Of course, for validation, you don't want this sampling to be random,
since you want to be able to compare loss on the same patches every
time you validate. If chunk_size
is set to 0 (as it is in the TEST
phase of your proto-text), then the data layer will go through the
list of images one image at a time, using each image to generate
batches for chunk_repeat
iterations.
Sensor Layers: The sensor.py
file provides four layer classes,
each of which take in the channel 4-channel blob produced by the data
layer, and output a single channel blob formed by sampling a specific
channel at each location. Each class uses a different sampling
pattern: Bayer
samples according to the Bayer pattern, CFZ14
according to [Chakrabarti et al. 2014]'s pattern, and FLCFA
according to an arbitrary pattern specified as a code string in its
parameter string.

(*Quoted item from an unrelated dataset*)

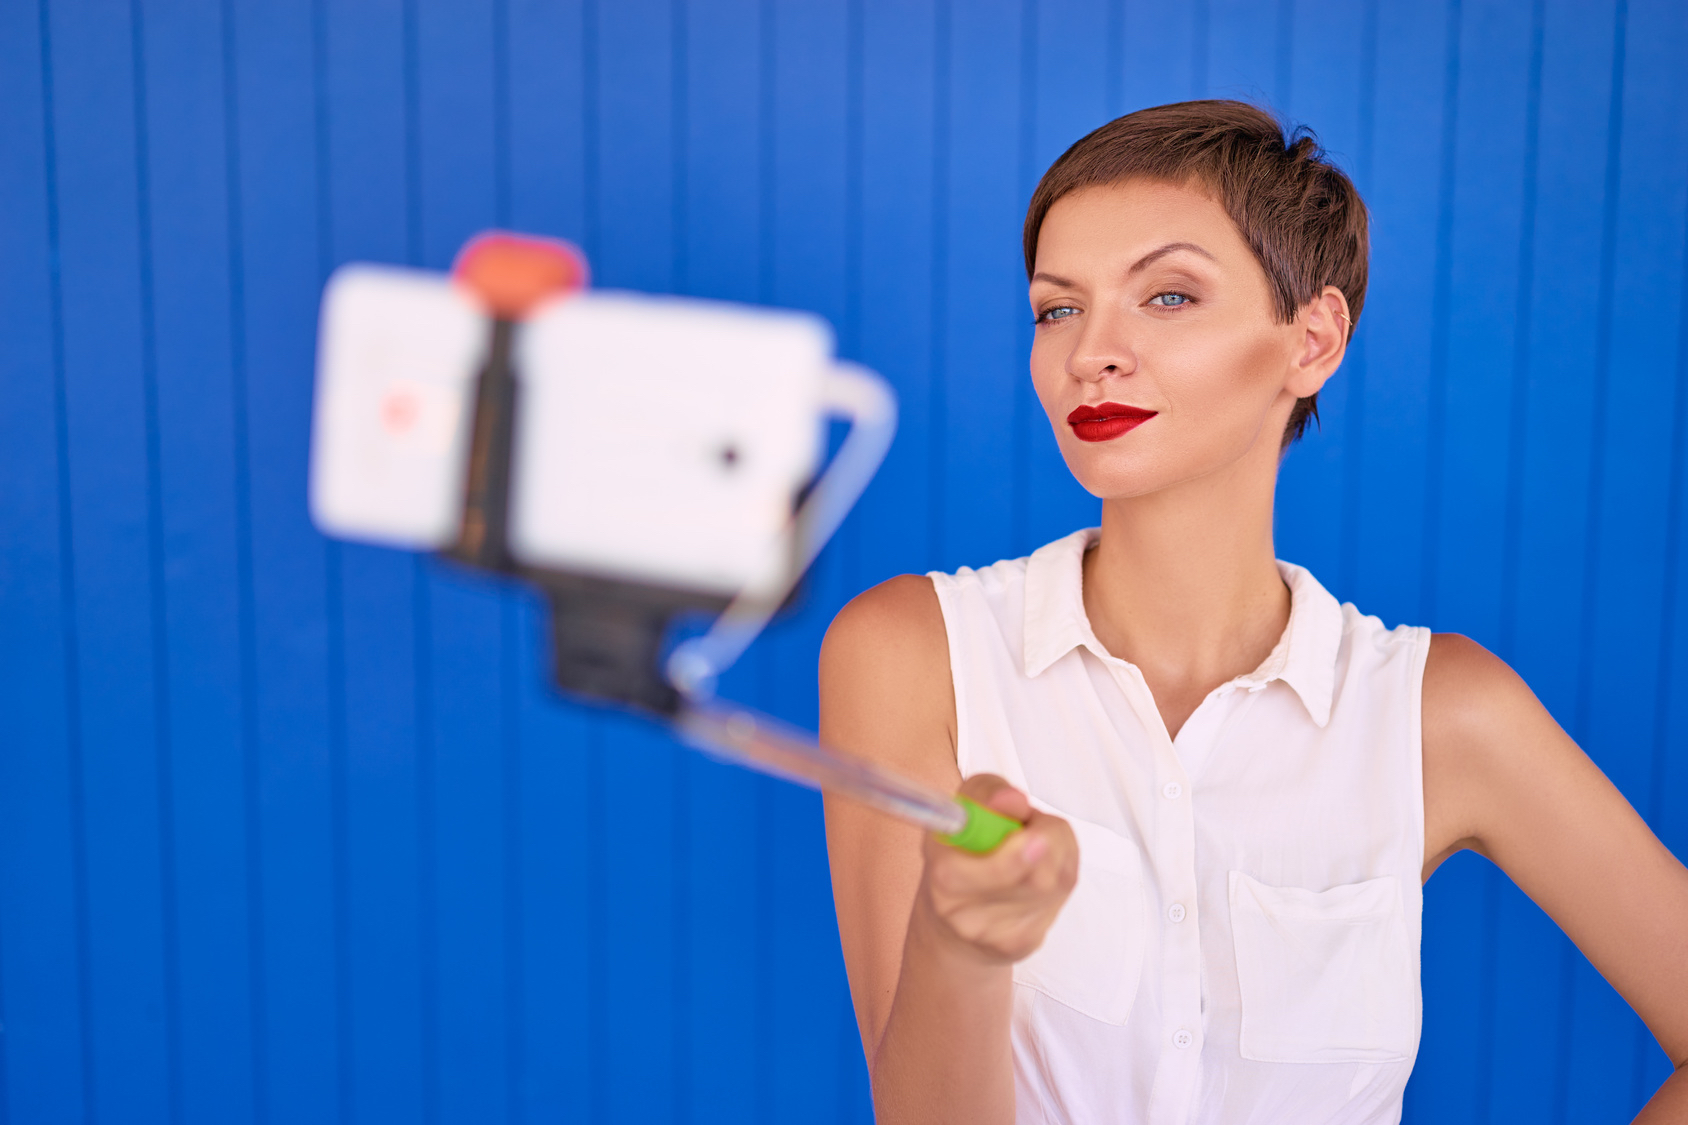 Coco selfie
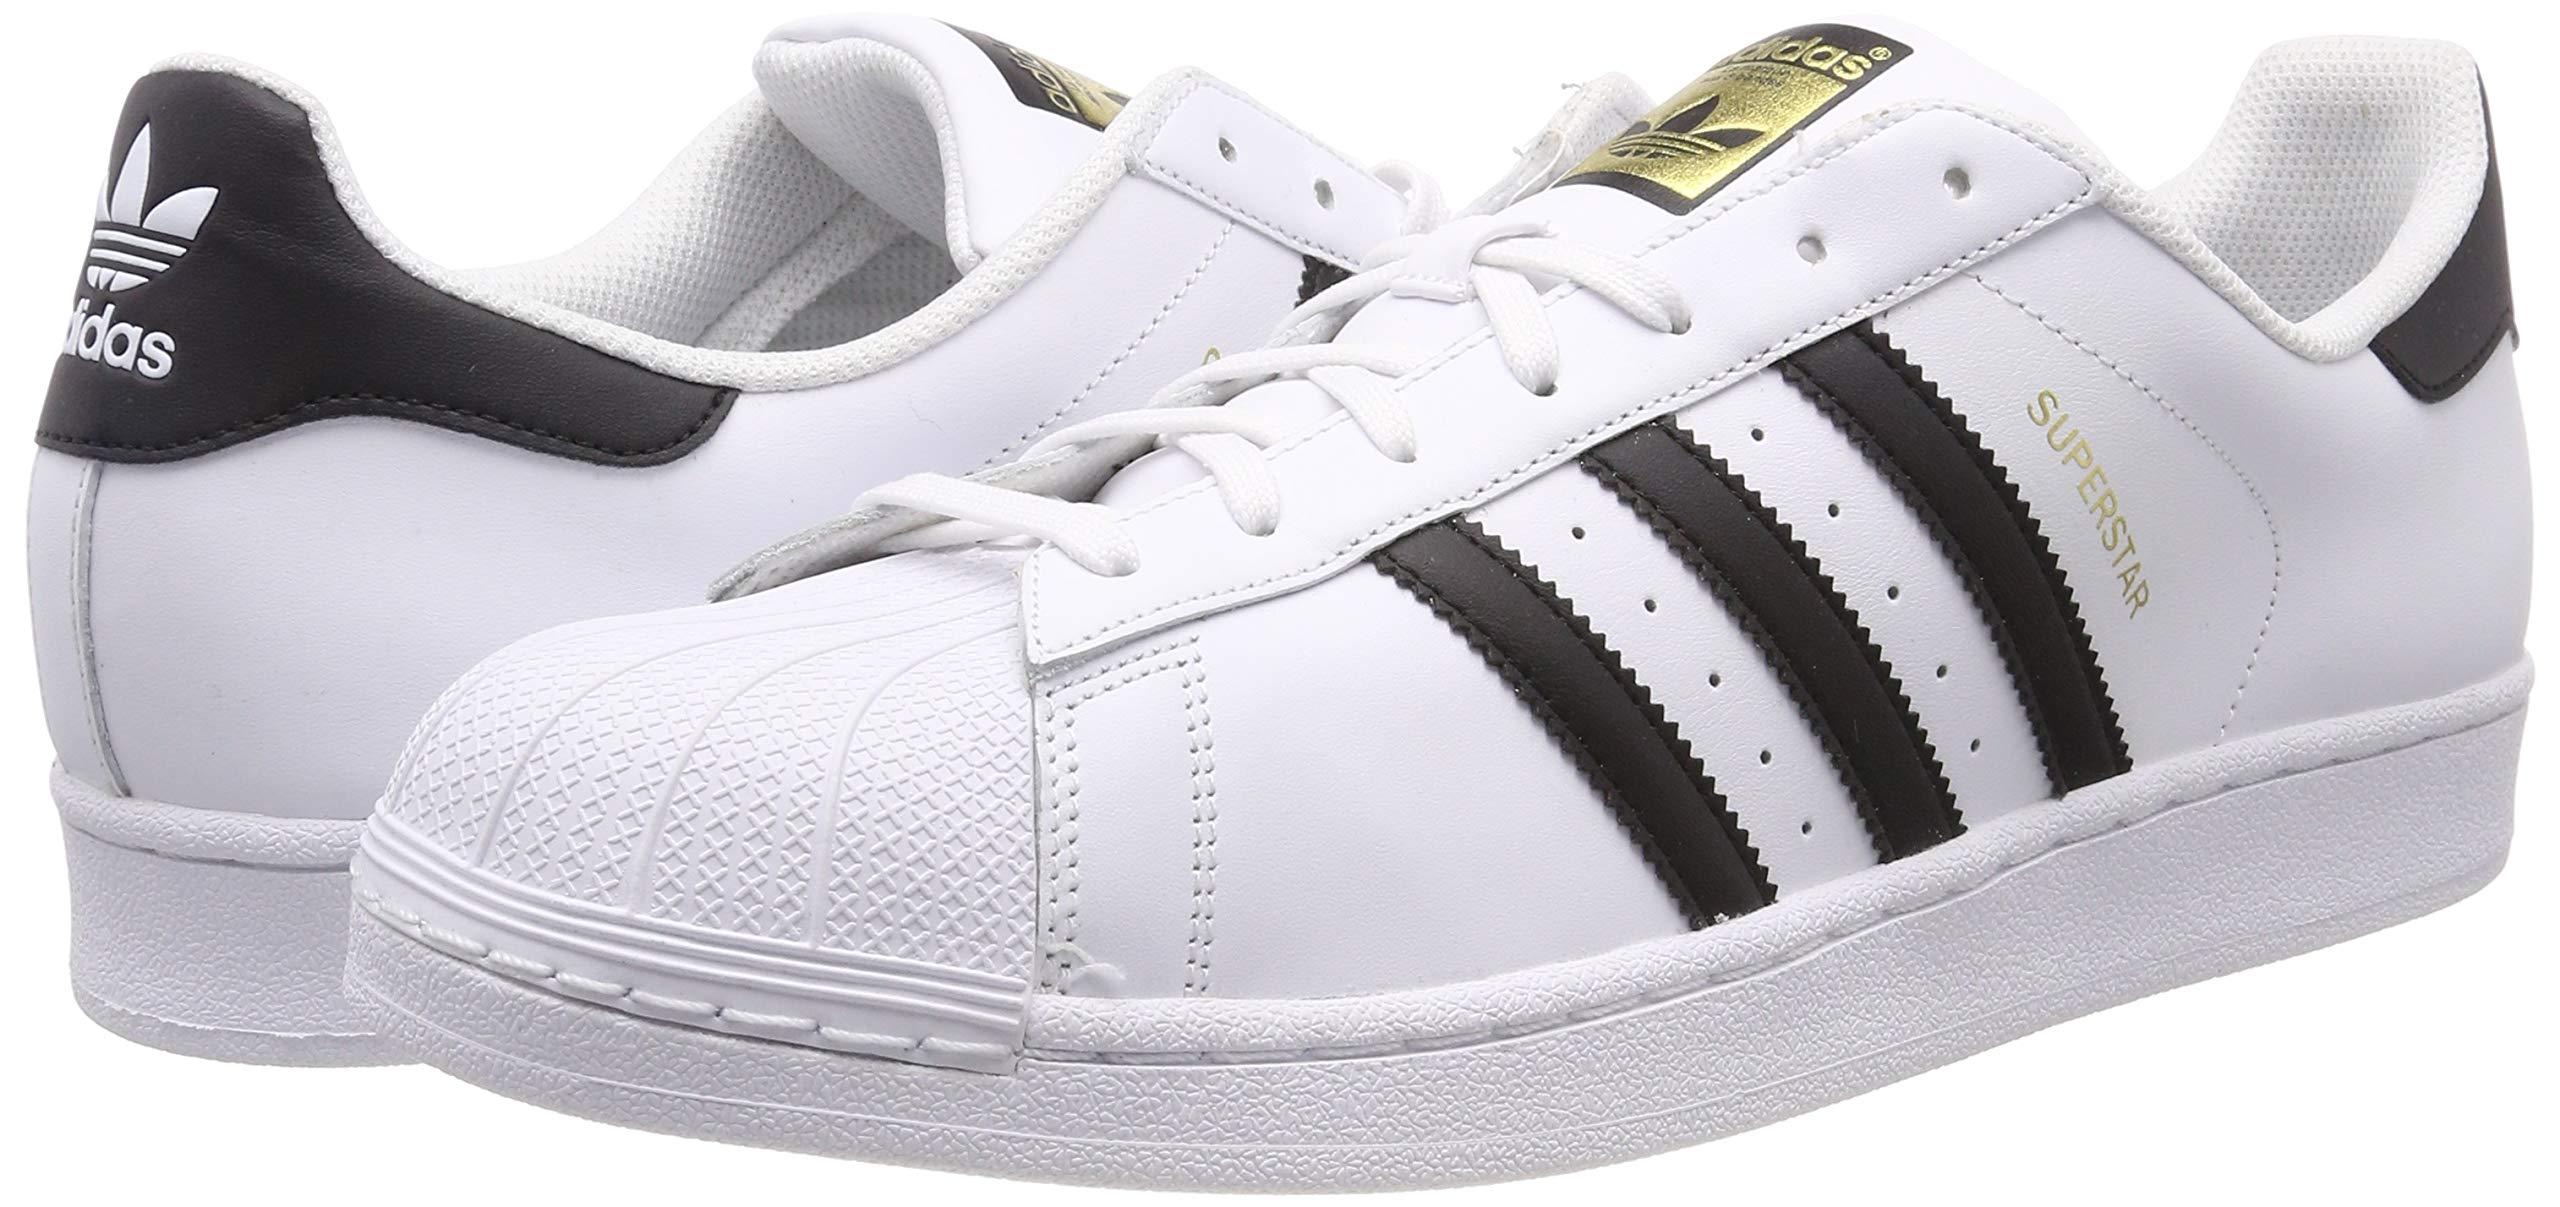 huge selection of 9a3a0 3bf97 Adidas Originals Superstar Scarpe da Ginnastica Unisex – Adulto, Bianco ...

The fourth kind of sensor layer is LCFA
that
actually learns the sensor pattern. A soft encoding of the pattern
(see the paper for details) is a learnable parameter blob for this
layer, and will be updated by caffe using SGD, and stored with the
reconstruction weights in saved caffemodel
files.
The network architectures for various training settings are provided
in the files in the prototxt/
directory. Note that these are only
the network proto-texts. You will need to create a solver.prototxt
file that: (a) saves weights in the HDF5 format (instead of protobuf),
(b) trains using SGD with a momentum of 0.9, and (c) follows a
learning rate schedule from the paper (and also detailed below). If
you want to test on the validation set, you should set test_iter
to
the number of validation images (51 in our split defined in
data/val.txt
).
In the experiments in the paper, we first learned the sensor pattern
at a noise-level of 0.01. The file learncfa.prototxt
provides the
network architecture to achieve this (if you want to learn the pattern
at a different noise-level, you will have to modify the last parameter
in the param_str
for the data layers). To recreate the setting in
the paper, train this network for 1.5e6
iterations with a learning
rate of 0.001
. Once you are done training, call the script
h5proc/getCode.sh
with a path to the trained caffemodel.h5 file, to
retrieve the sensor code string.
We then train reconstruction networks at several different noise
levels using this code, and the FLCFA
sensor layer, passing the
code string retrieved in the previous step in the param_str
of
that layer. The file flcfa50.prototxt
provides the description of
the network architecture for this (for a noise level of
0.005
). These networks are trained for 1.5e6
iterations with a
learning rate of 0.001
, and another 1e5
iterations with
lr=0.0001
.
The bayer50.prototxt
and cfz50.prototxt
files can be used for
training reconstruction networks for the Bayer and
[Chakrabarti et al. 2014] pattern respectively. These should be
trained with the same schedule as the flcfa50.prototxt
network:
1.5e6
iterations with lr=0.001
, followed by 1e5
iterations with
lr=0.0001
.
After you are done training the reconstruction networks, you can use
the h5proc/h5npz.py
script, e.g.:
h5npz.py /path/to/wts/bayer25_iter_1500000.caffemodel.h5 bayer25.npz
to convert the stored caffe model into the .npz
format used by our
reconstruction script run/runDM.py
. Note that the architecture of
the network is hard-coded into the reconstruction script, so if you
choose to use a different reconstruction architecture, you'll have to
make corresponding changes in the runDM.py
script as well.